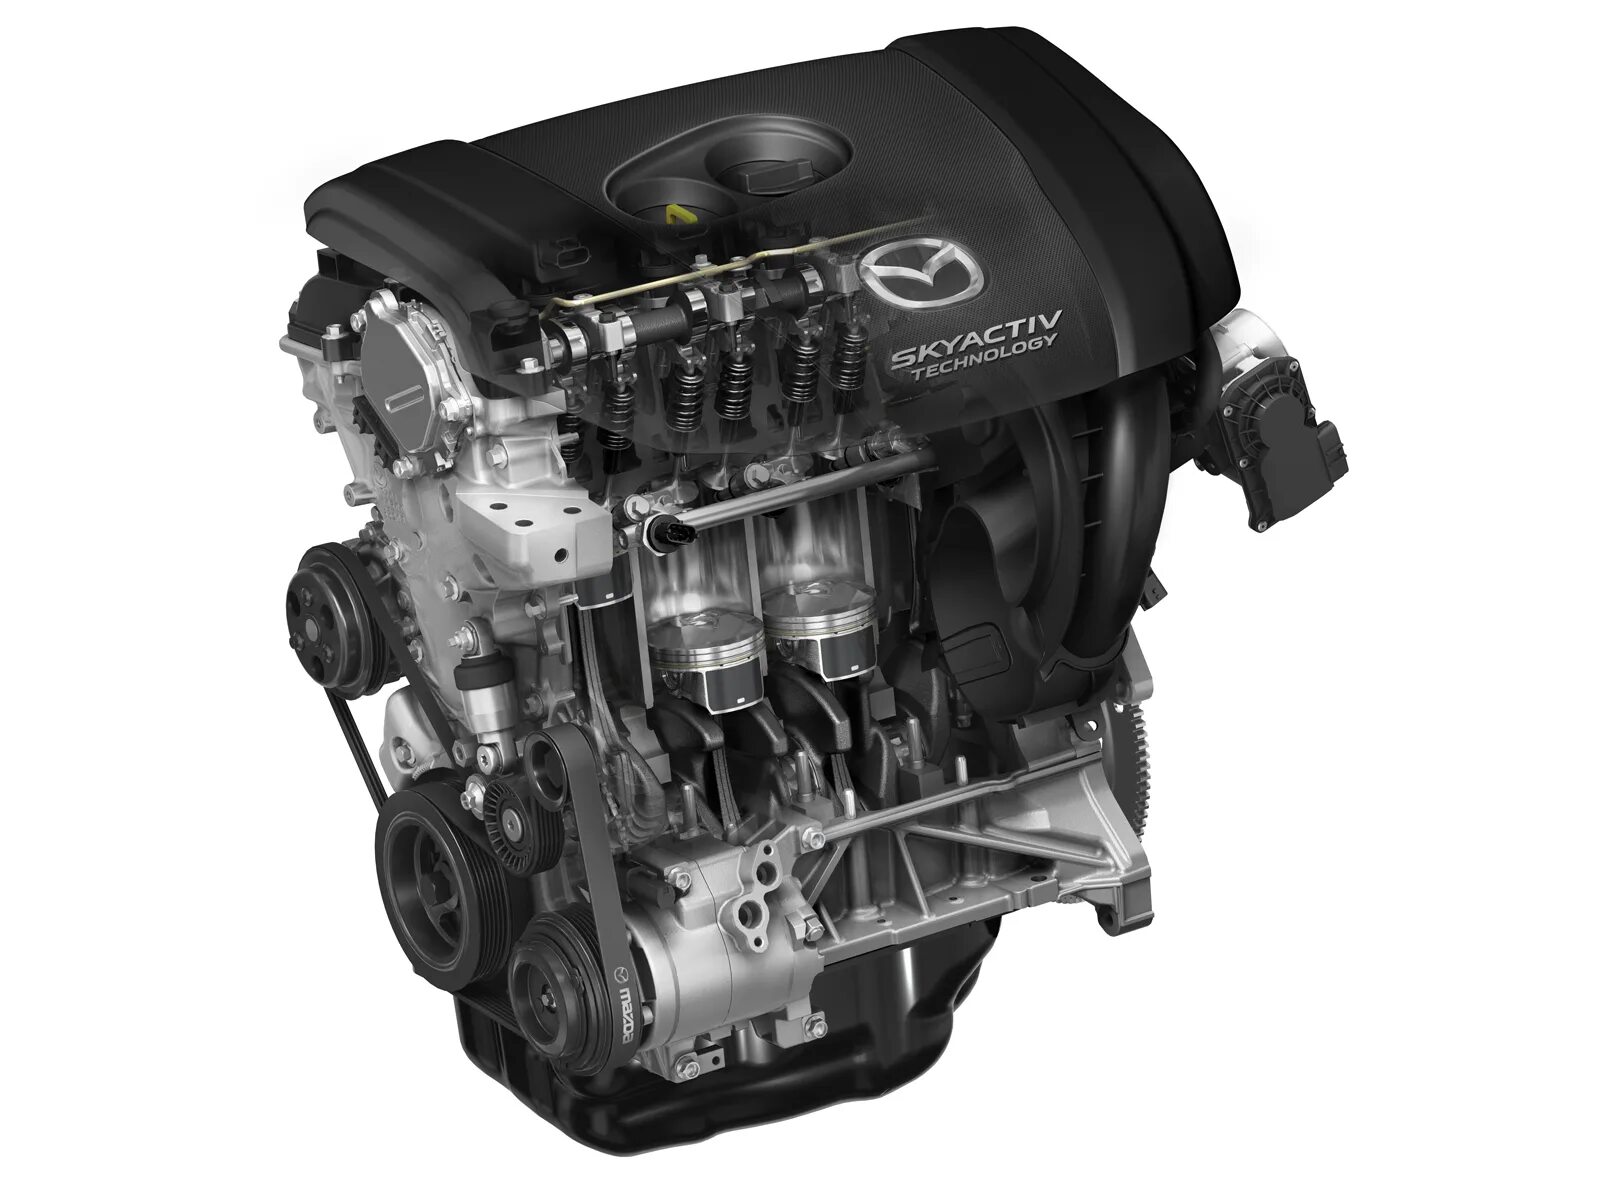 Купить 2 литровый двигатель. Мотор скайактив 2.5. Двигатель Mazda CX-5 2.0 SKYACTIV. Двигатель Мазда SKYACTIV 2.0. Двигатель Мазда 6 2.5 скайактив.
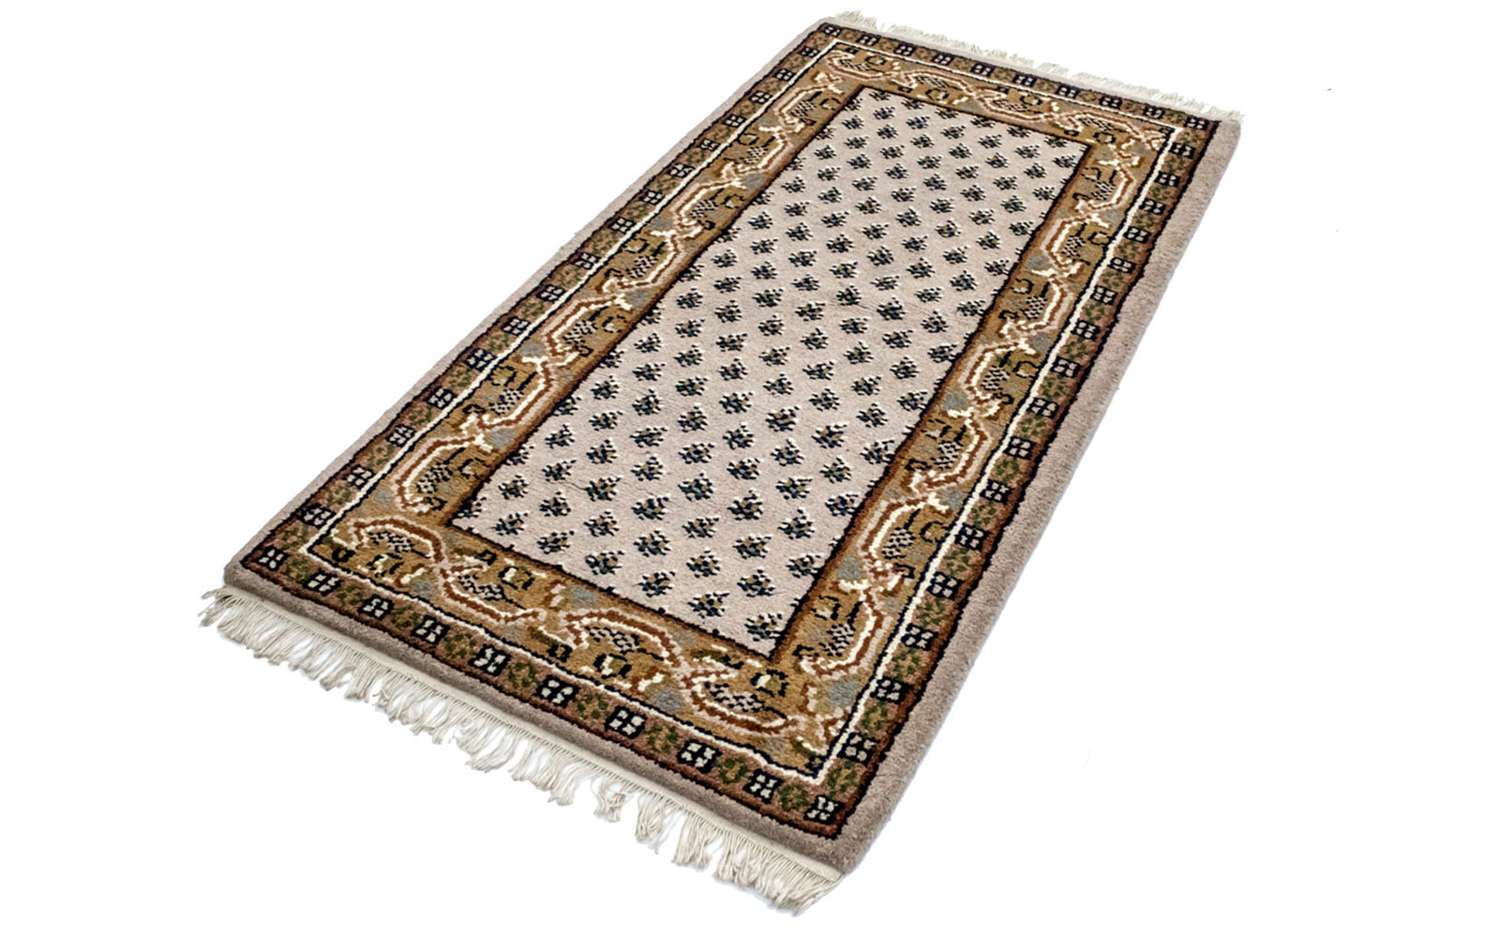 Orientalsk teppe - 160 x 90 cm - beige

* * *

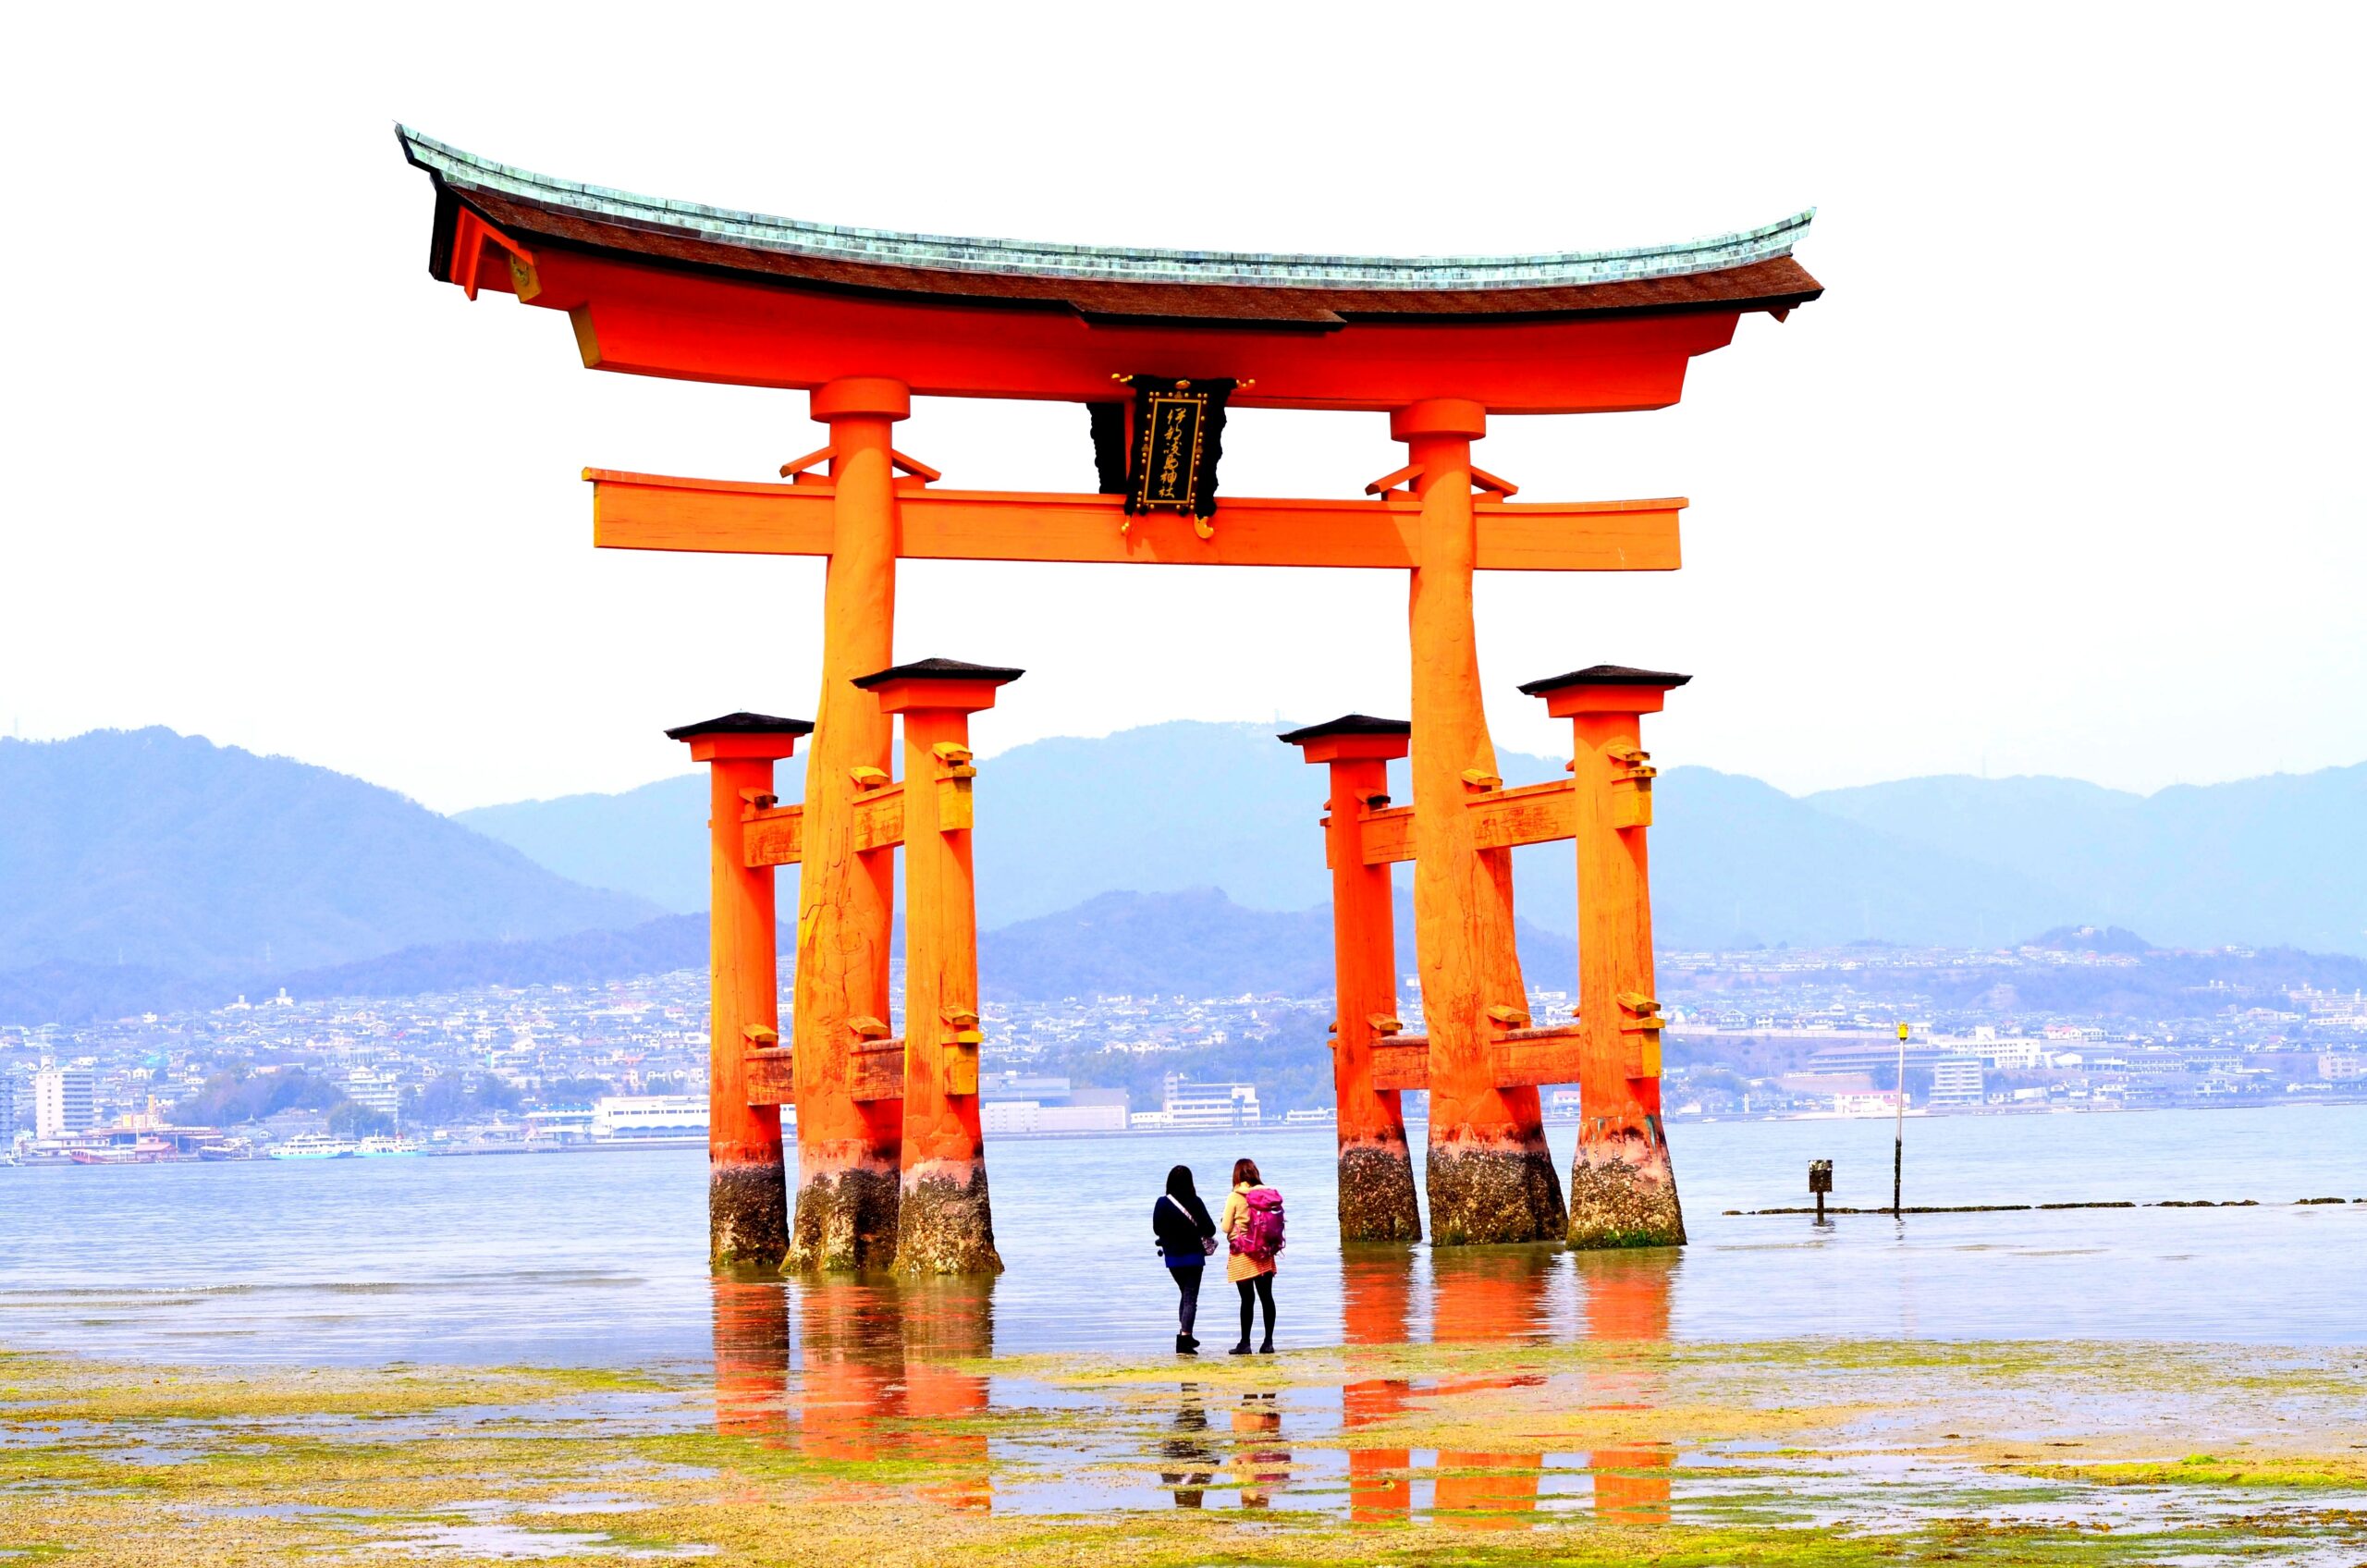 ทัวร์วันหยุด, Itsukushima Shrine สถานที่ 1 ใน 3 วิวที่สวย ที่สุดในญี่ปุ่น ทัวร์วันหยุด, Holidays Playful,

● ABOUT THIS TASK
Only one stretch of the entries above is needed: the lines from the one containing "Купить 2 литровый" through the one containing "Orientalsk teppe - 160 x 90 cm - beige". Copy it exactly, without the pictures.

● RESULT OF THIS EXERCISE
 Купить 2 литровый двигатель. Мотор скайактив 2.5. Двигатель Mazda CX-5 2.0 SKYACTIV. Двигатель Мазда SKYACTIV 2.0. Двигатель Мазда 6 2.5 скайактив.
 Orientalsk teppe - 160 x 90 cm - beige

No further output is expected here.